▶ [COLLECTED MATERIAL]
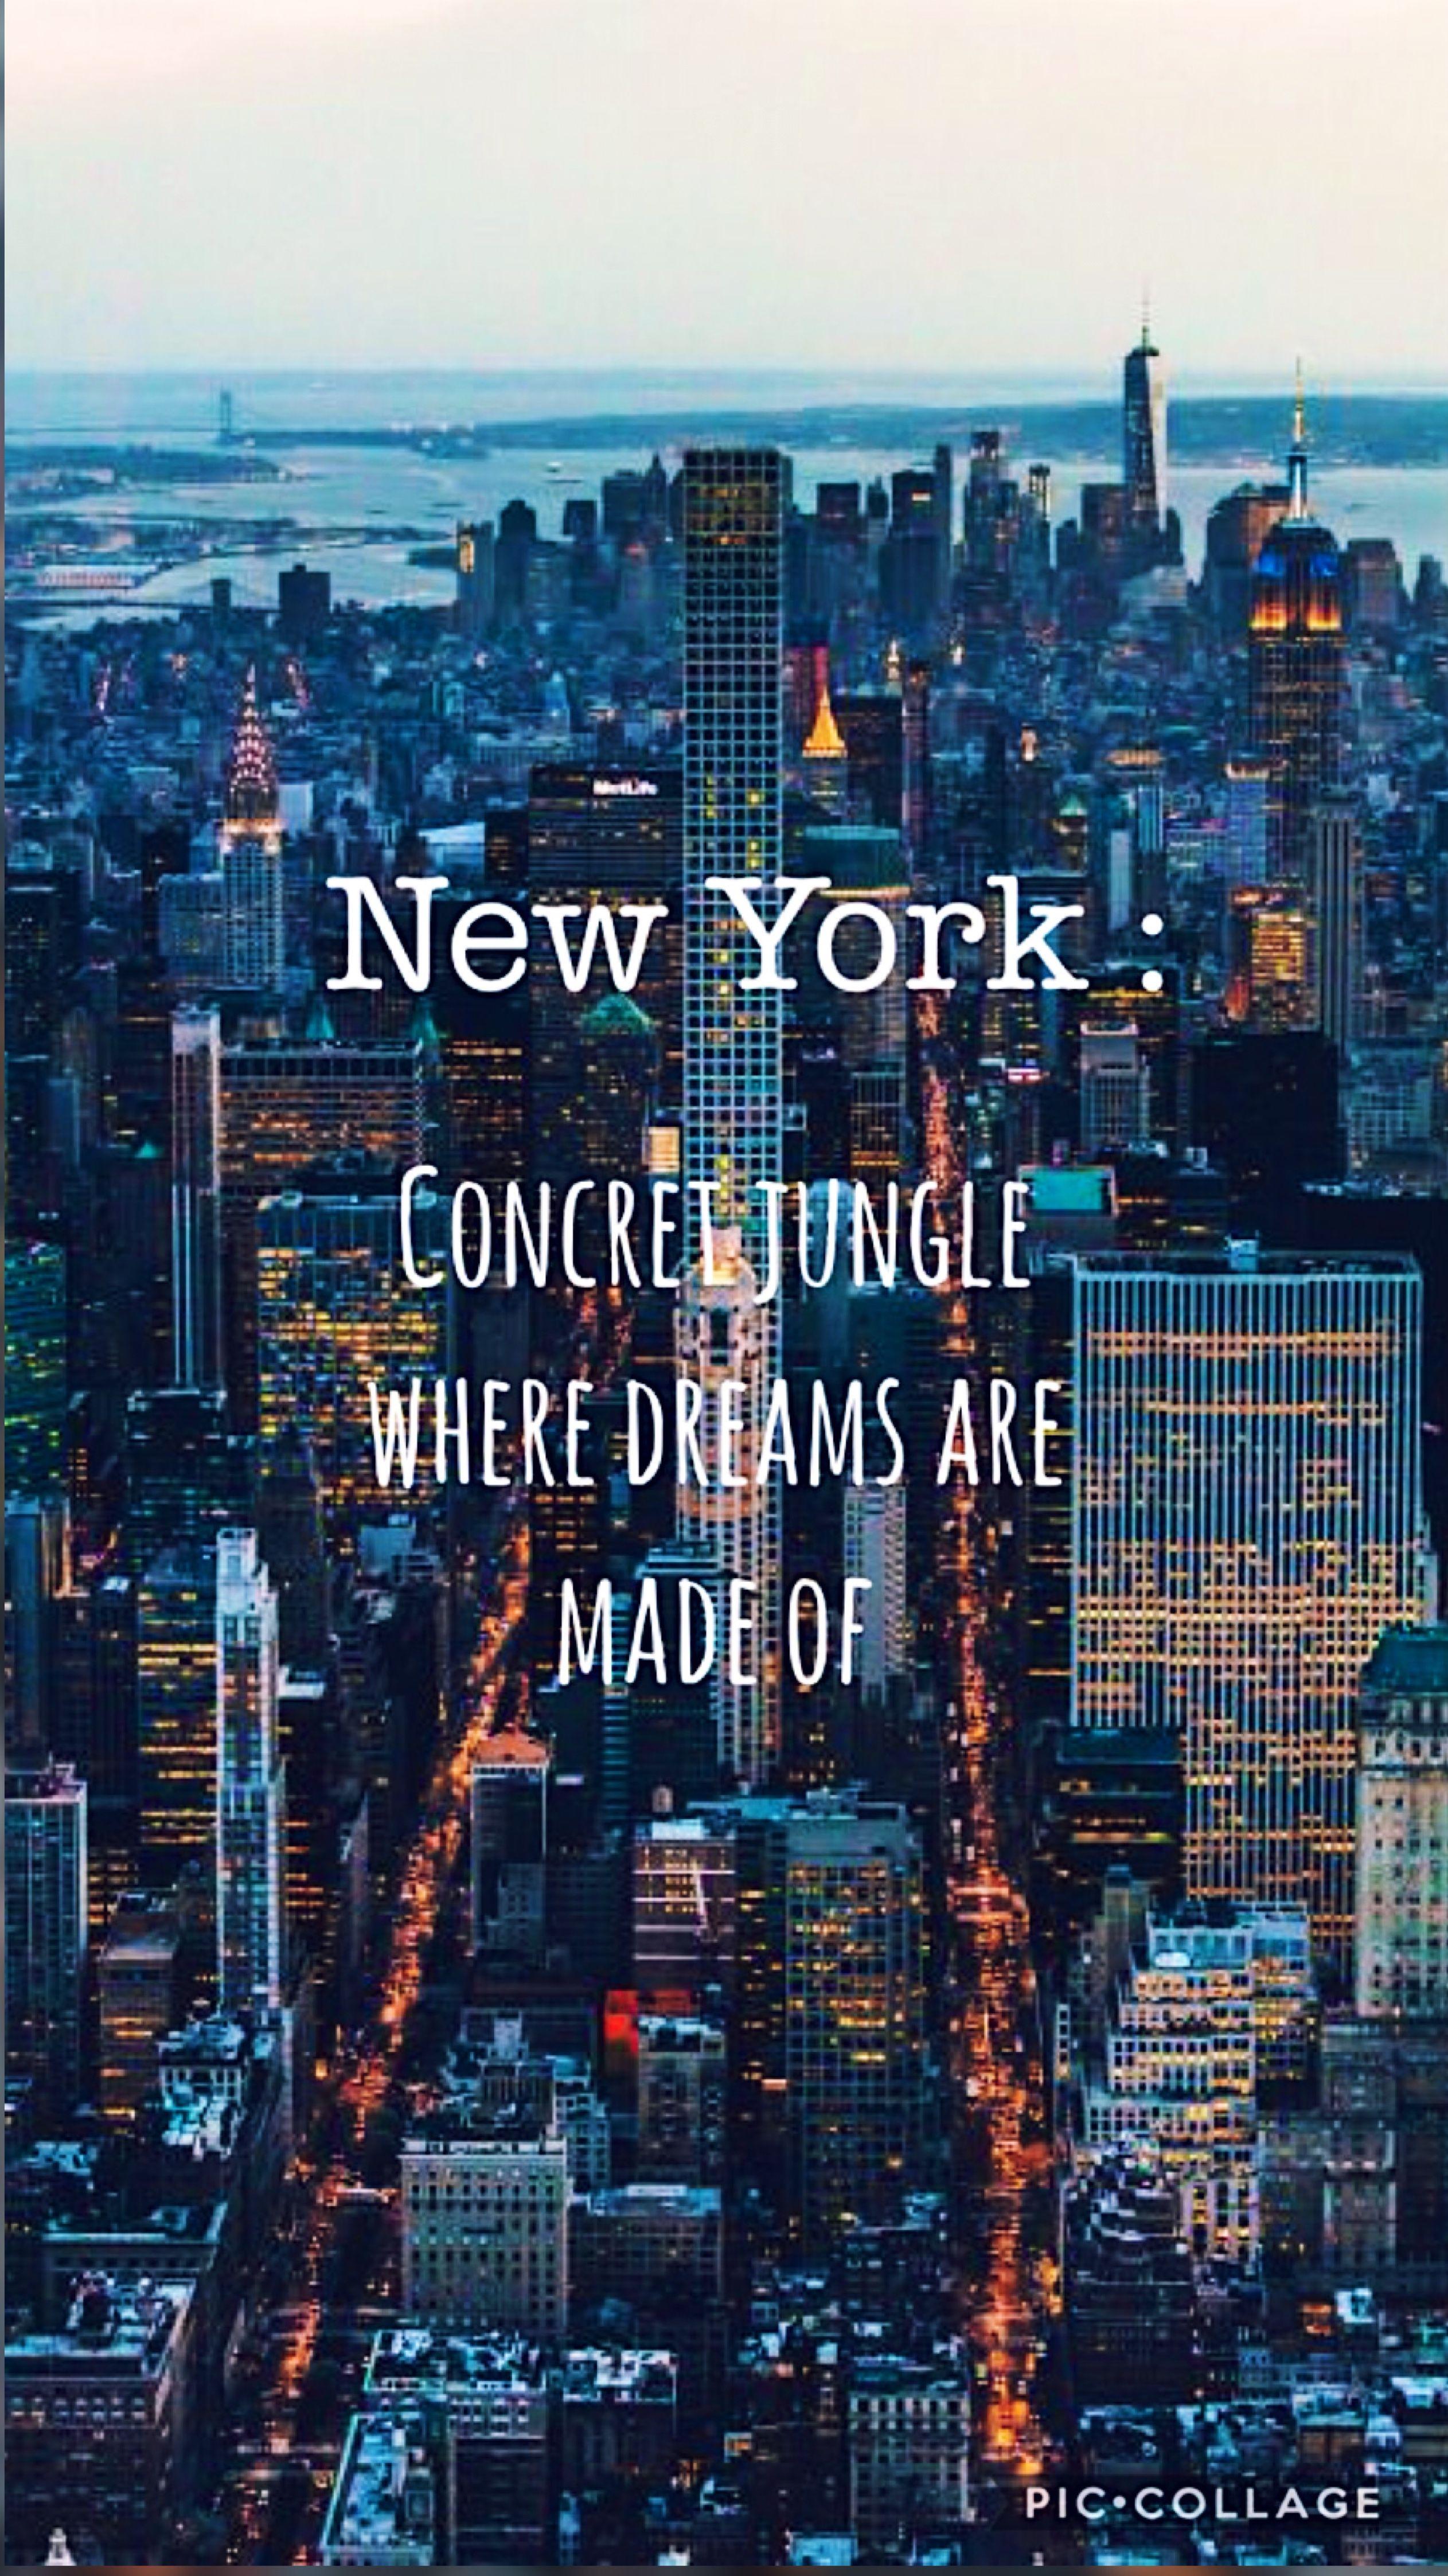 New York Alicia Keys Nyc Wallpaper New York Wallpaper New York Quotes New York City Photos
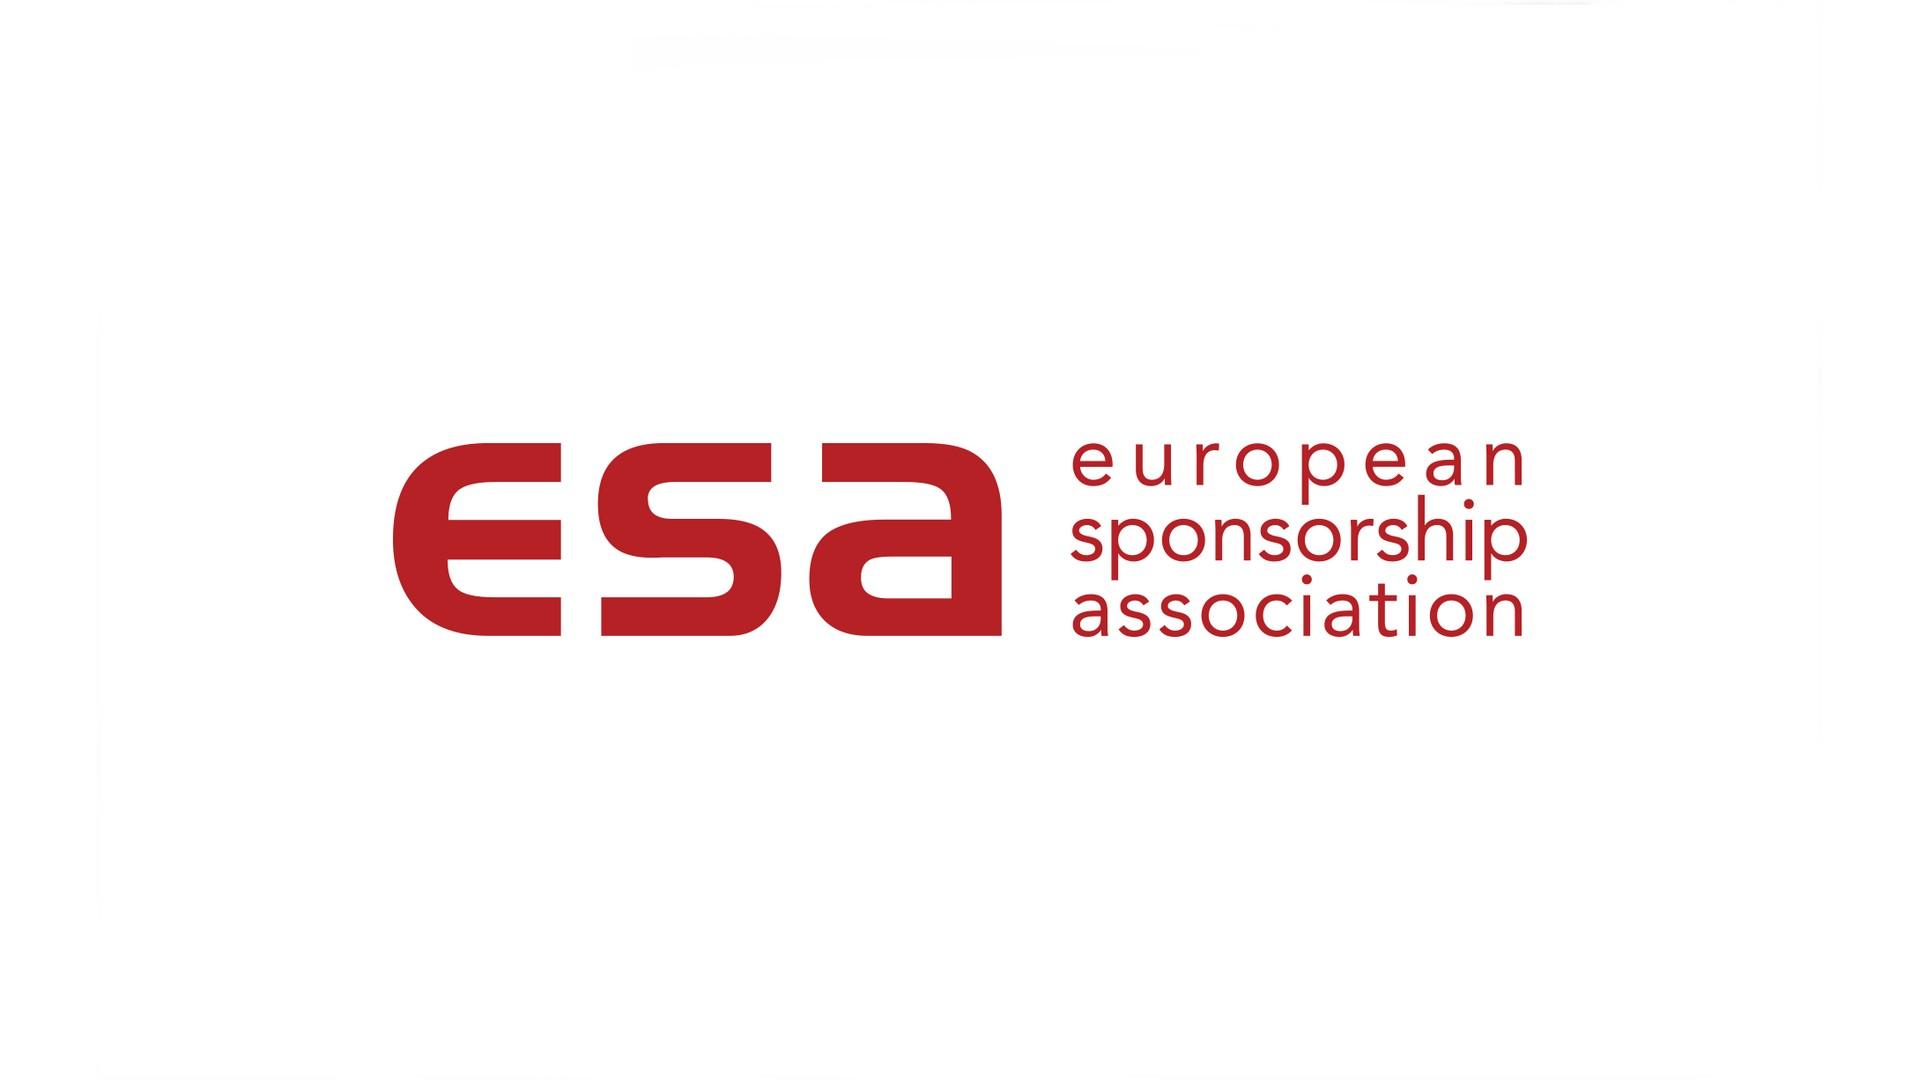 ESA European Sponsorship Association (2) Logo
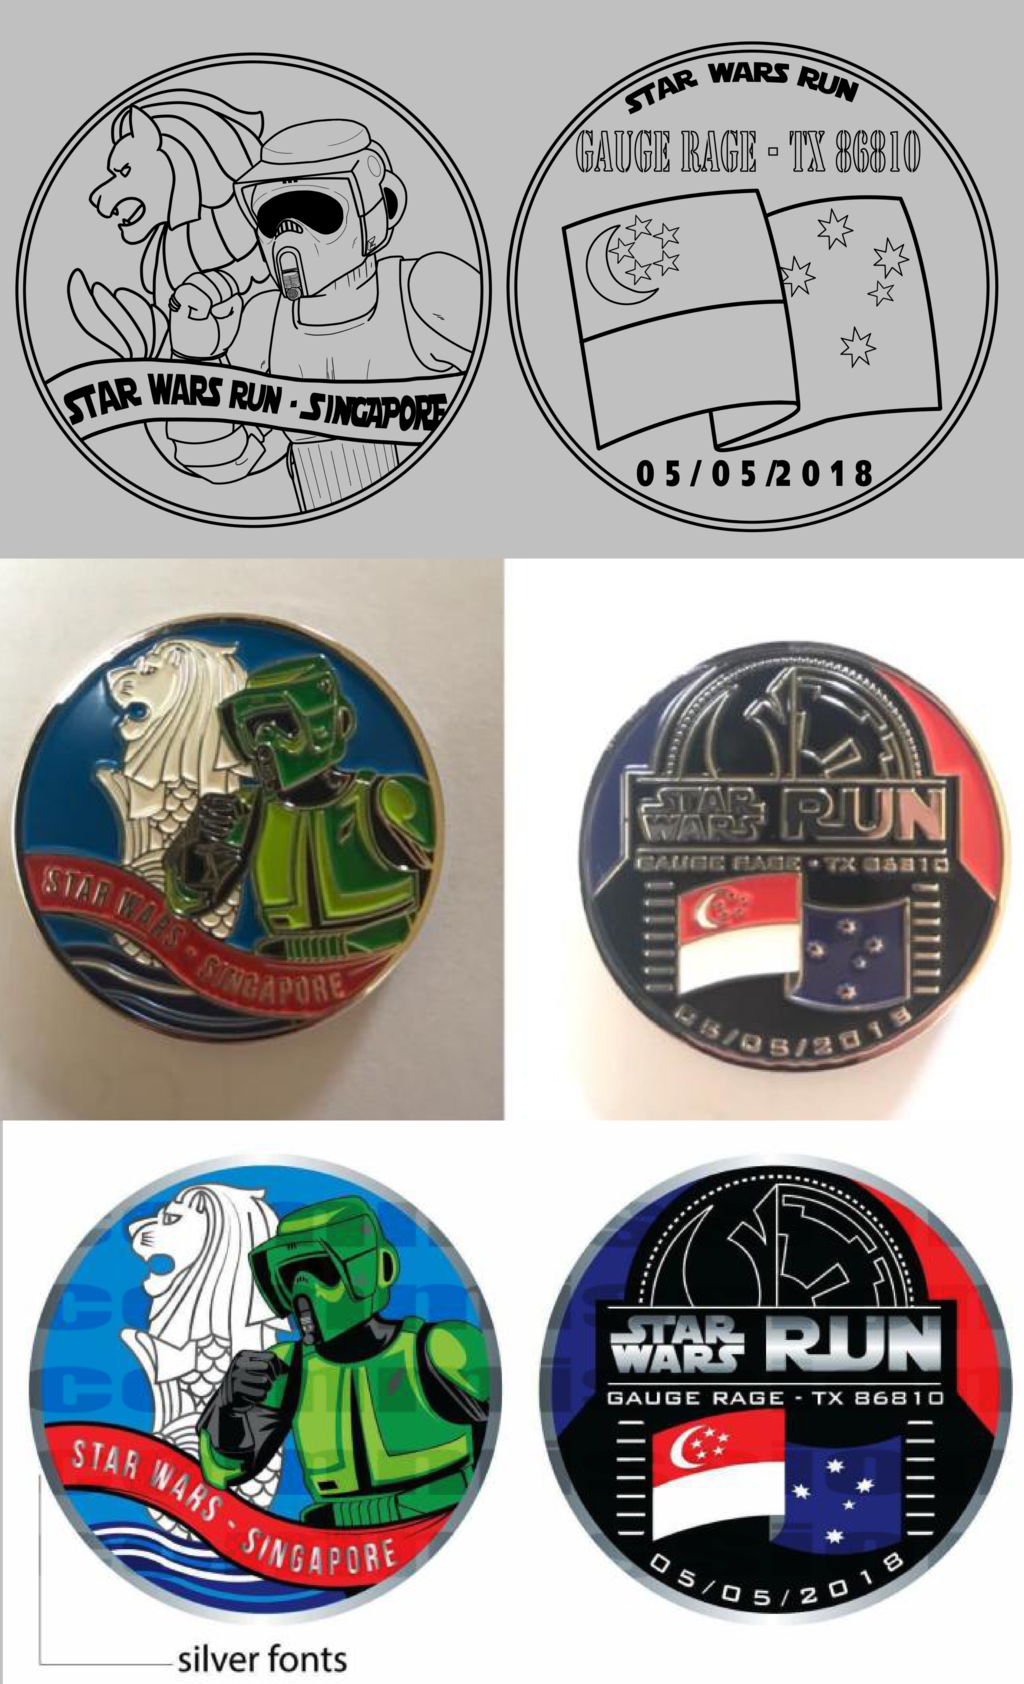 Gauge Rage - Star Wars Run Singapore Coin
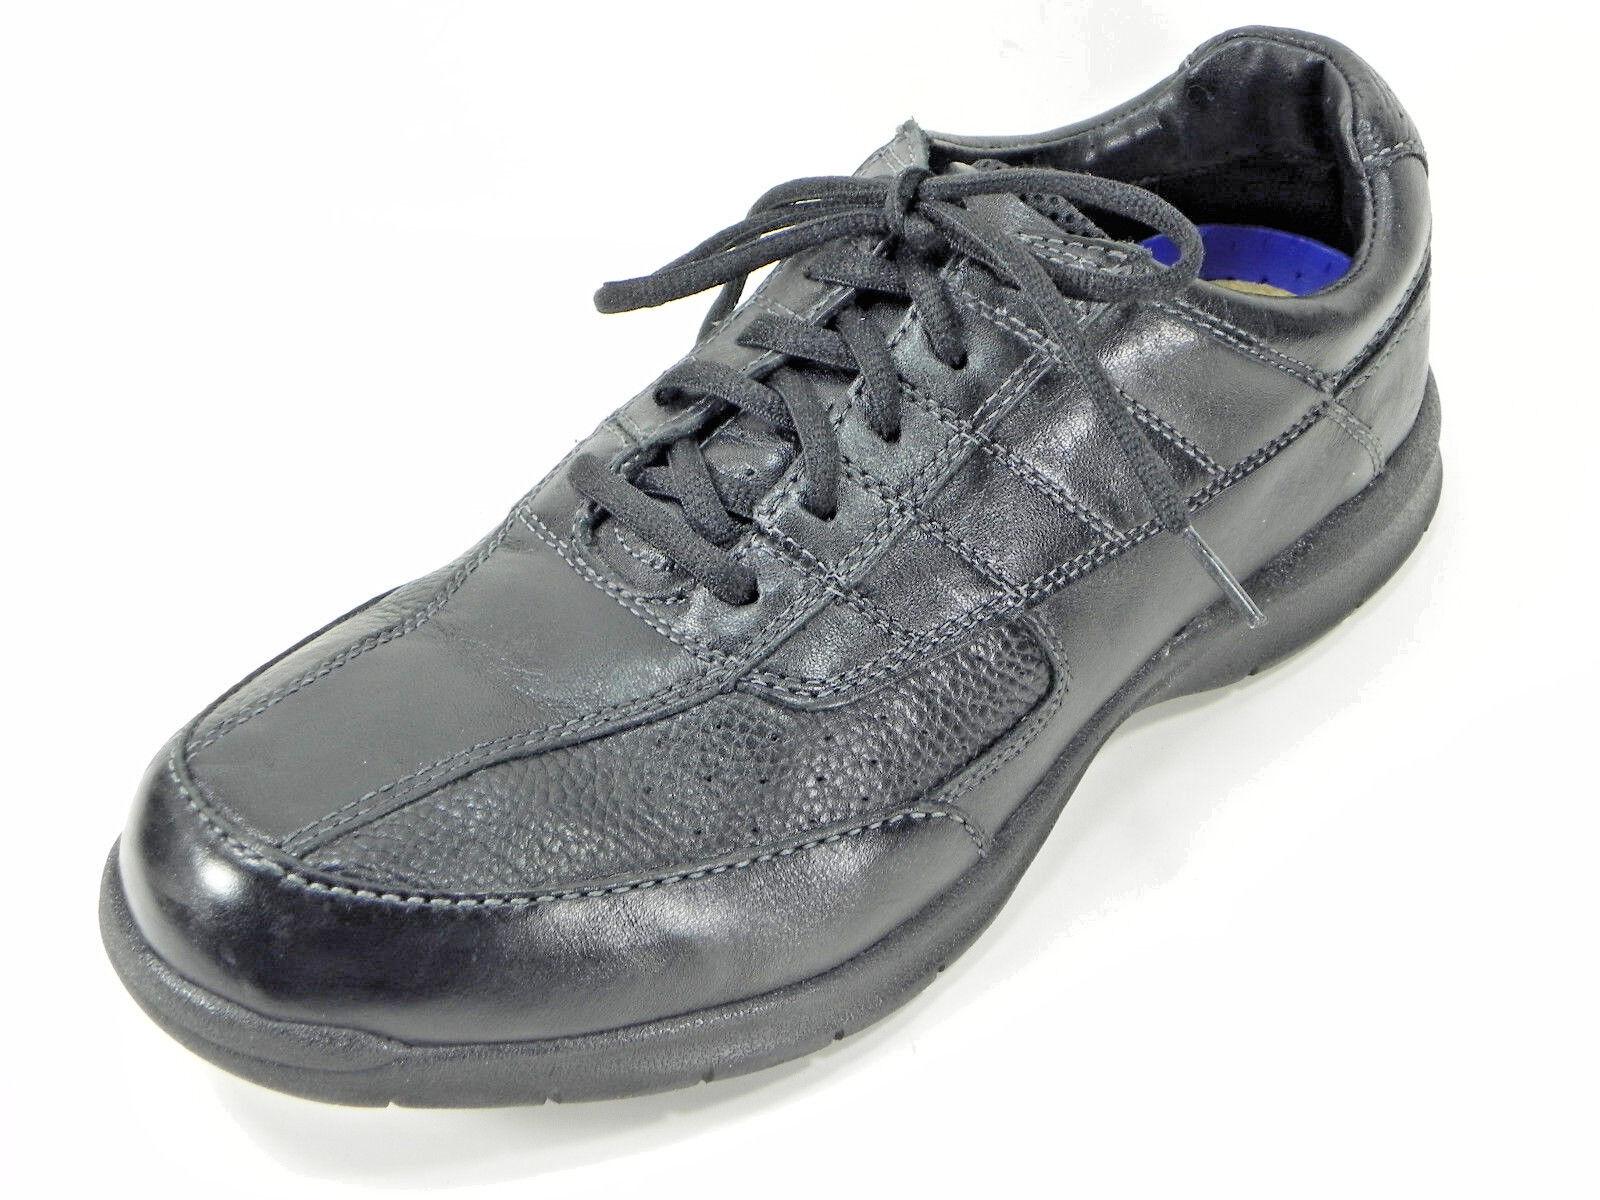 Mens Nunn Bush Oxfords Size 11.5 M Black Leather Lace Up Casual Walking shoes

▶ [WHAT THE TASK REQUIRES]
Pick up at the line containing "Gauge Rage - Star Wars Run Singapore Coin" and copy each line exactly until the data ends, including that last line; copy no pictures.

▶ [REPLY TO THE TASK]
 Gauge Rage - Star Wars Run Singapore Coin
 Mens Nunn Bush Oxfords Size 11.5 M Black Leather Lace Up Casual Walking shoes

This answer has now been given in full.